What you have to do
Print the listing in its entirety and exactly, leaving out images.

Input data
────

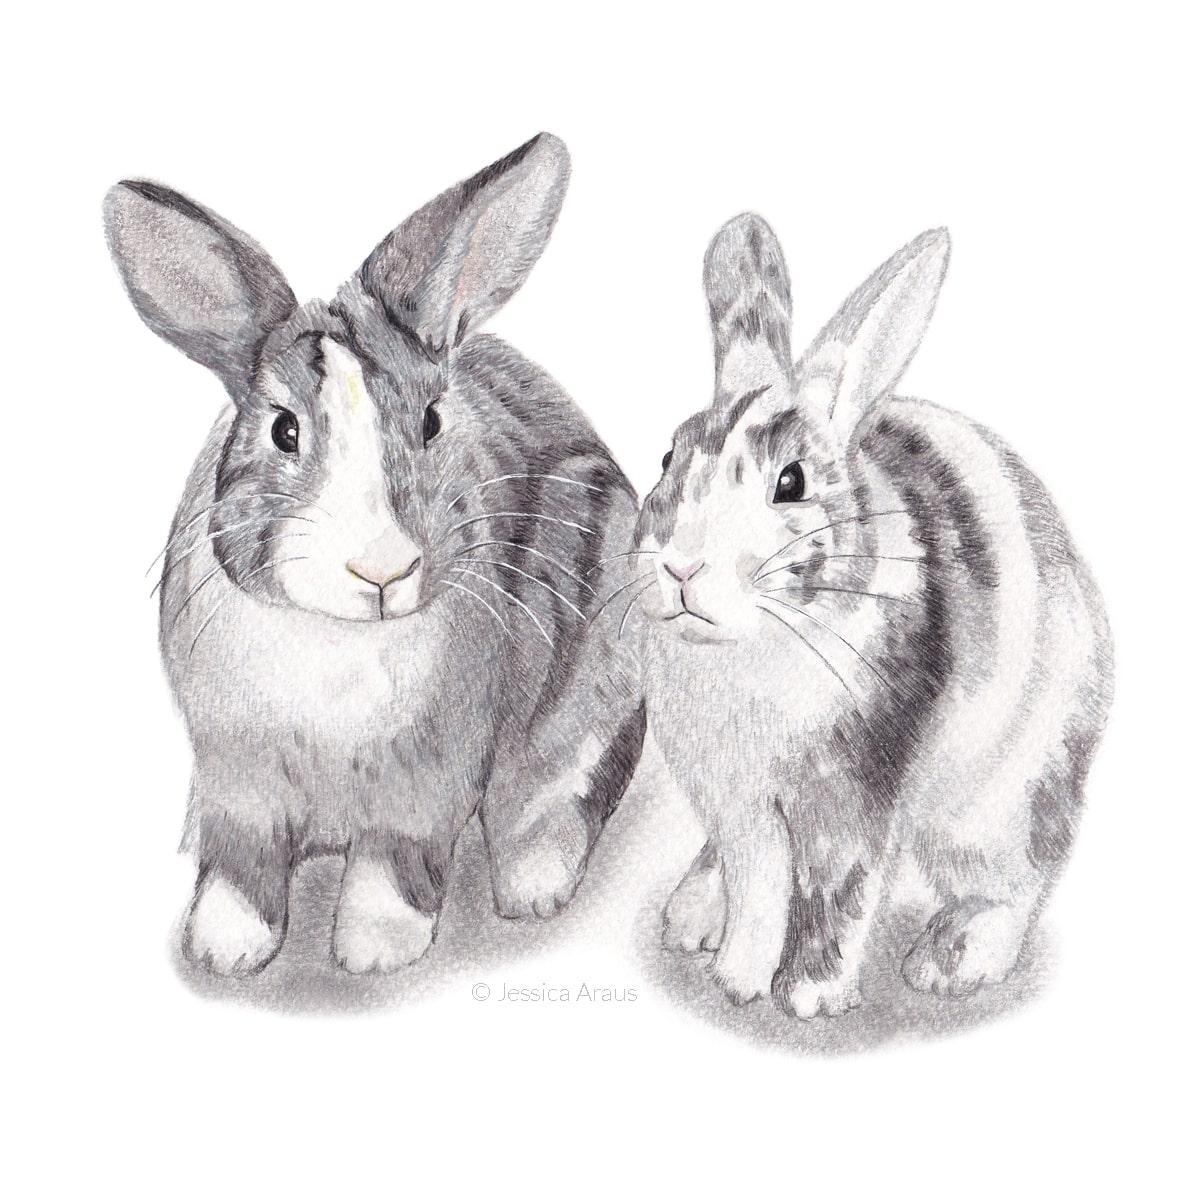 Rabbits Illustration
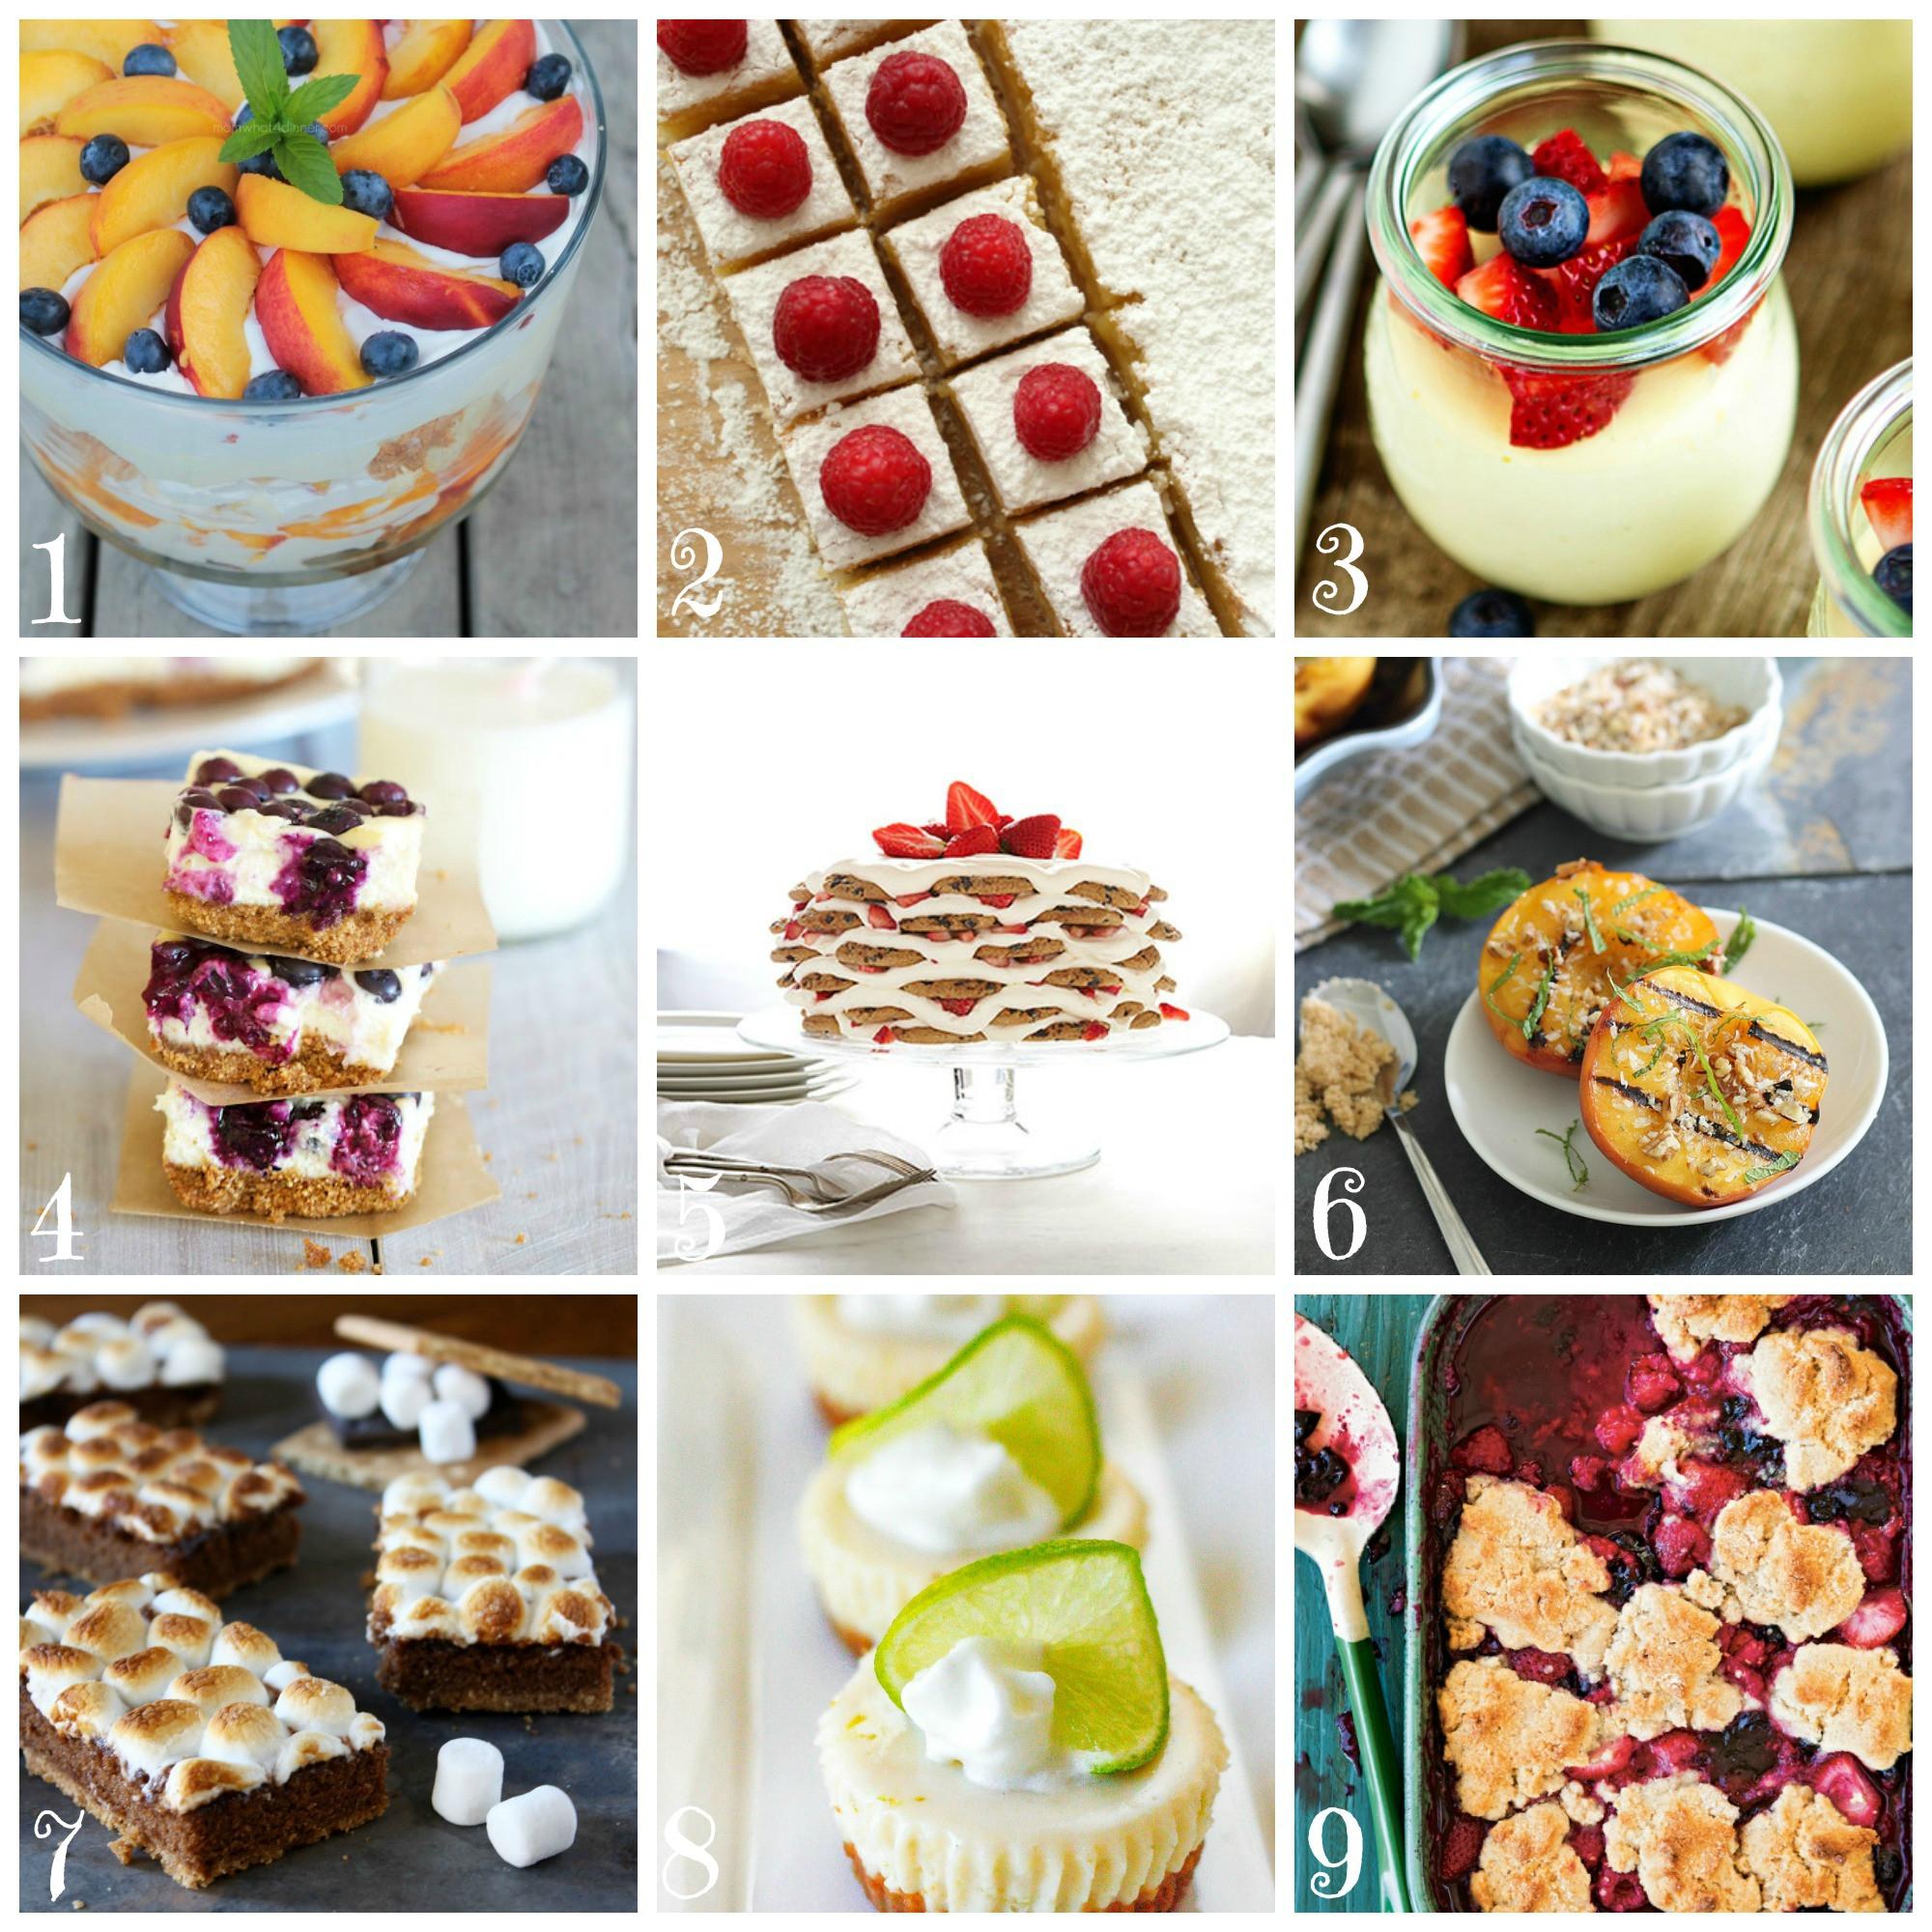 Best Summertime Desserts  Best Summer Dessert Recipes • CakeJournal
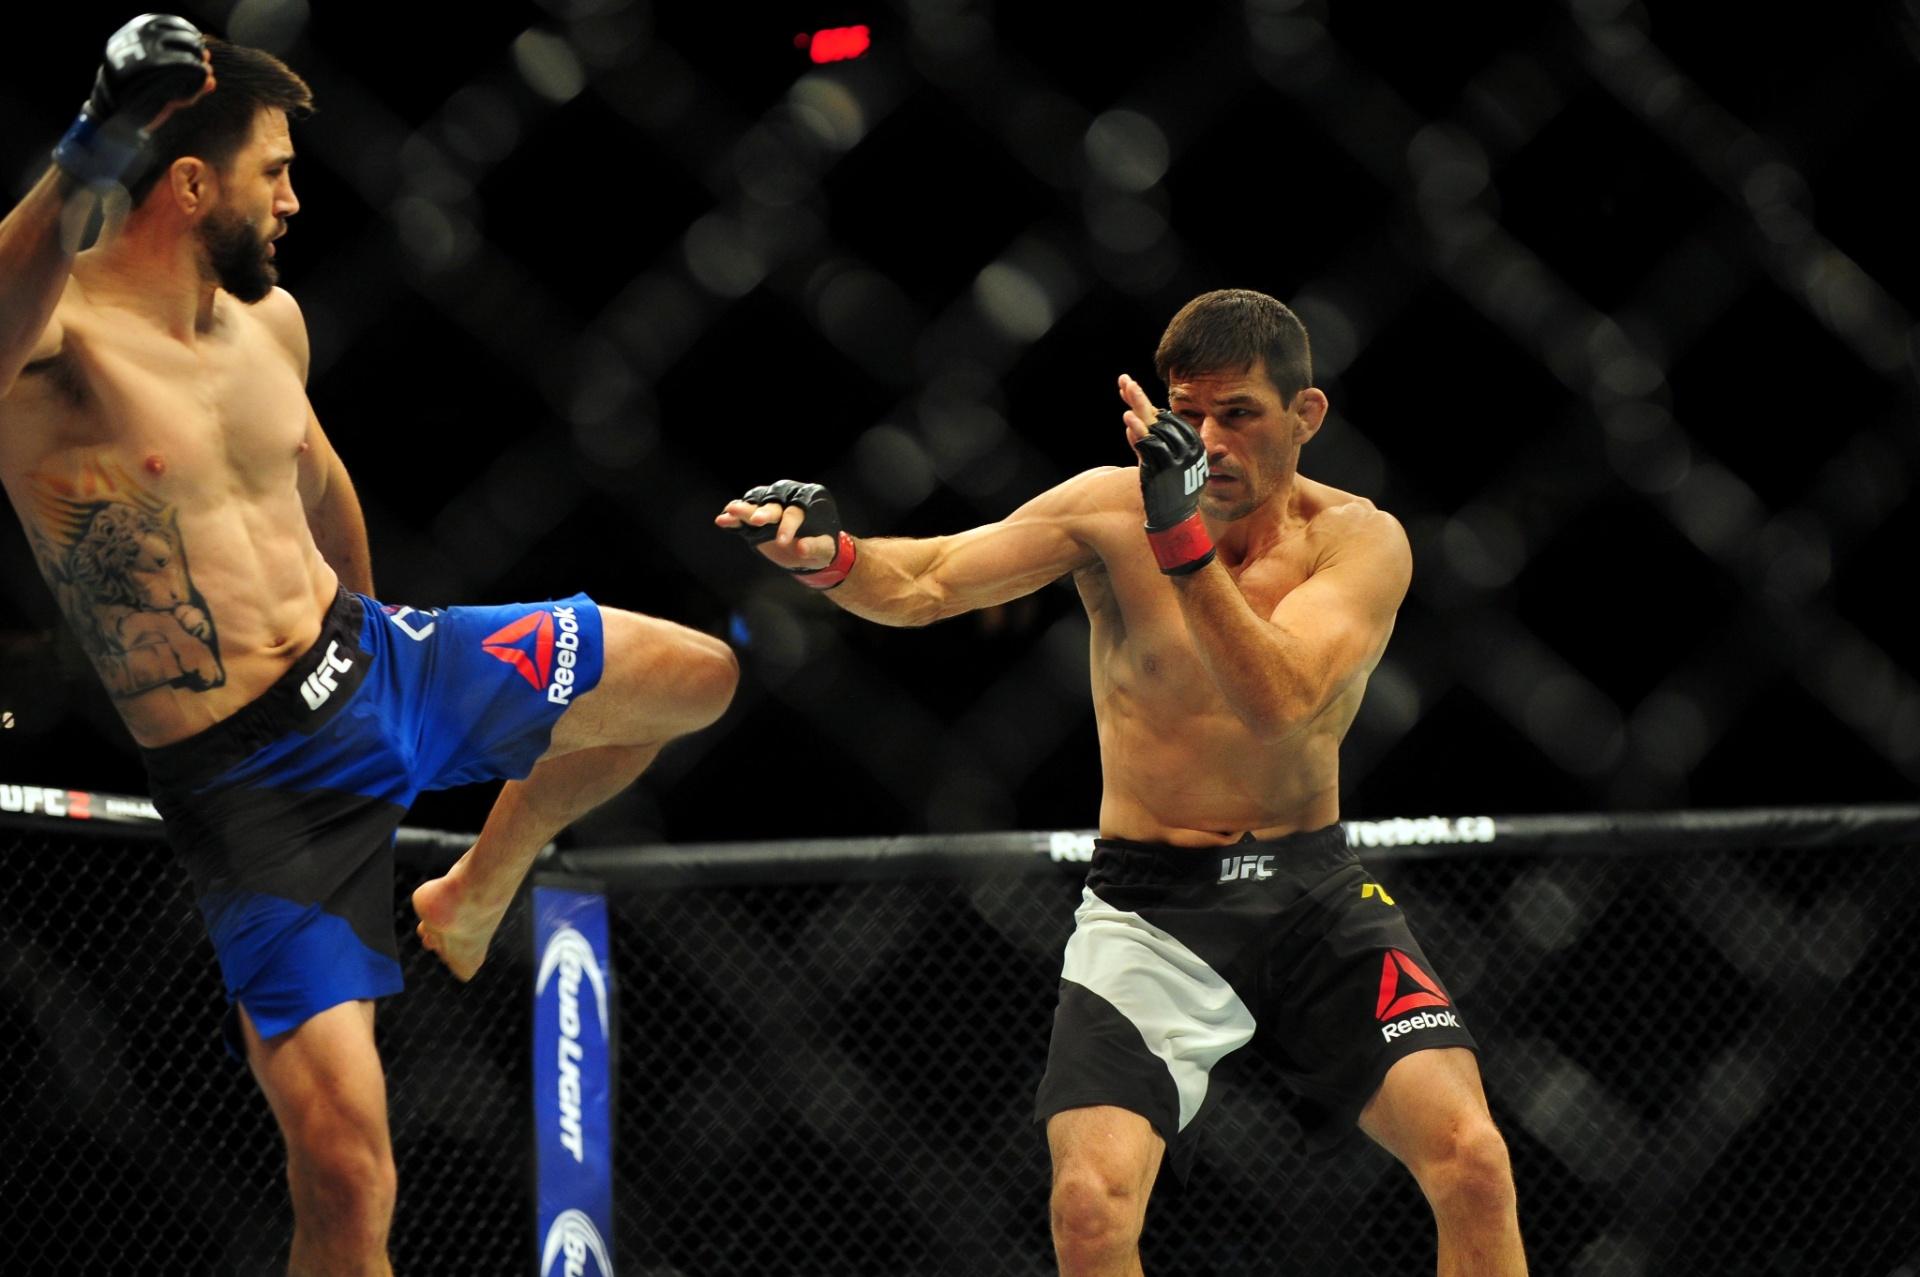 Demian Maia se defende de chute de Condit, durante luta no UFC Canadá

────

Solution to this problem
 Rabbits Illustration
 Best Summertime Desserts  Best Summer Dessert Recipes • CakeJournal
 Demian Maia se defende de chute de Condit, durante luta no UFC Canadá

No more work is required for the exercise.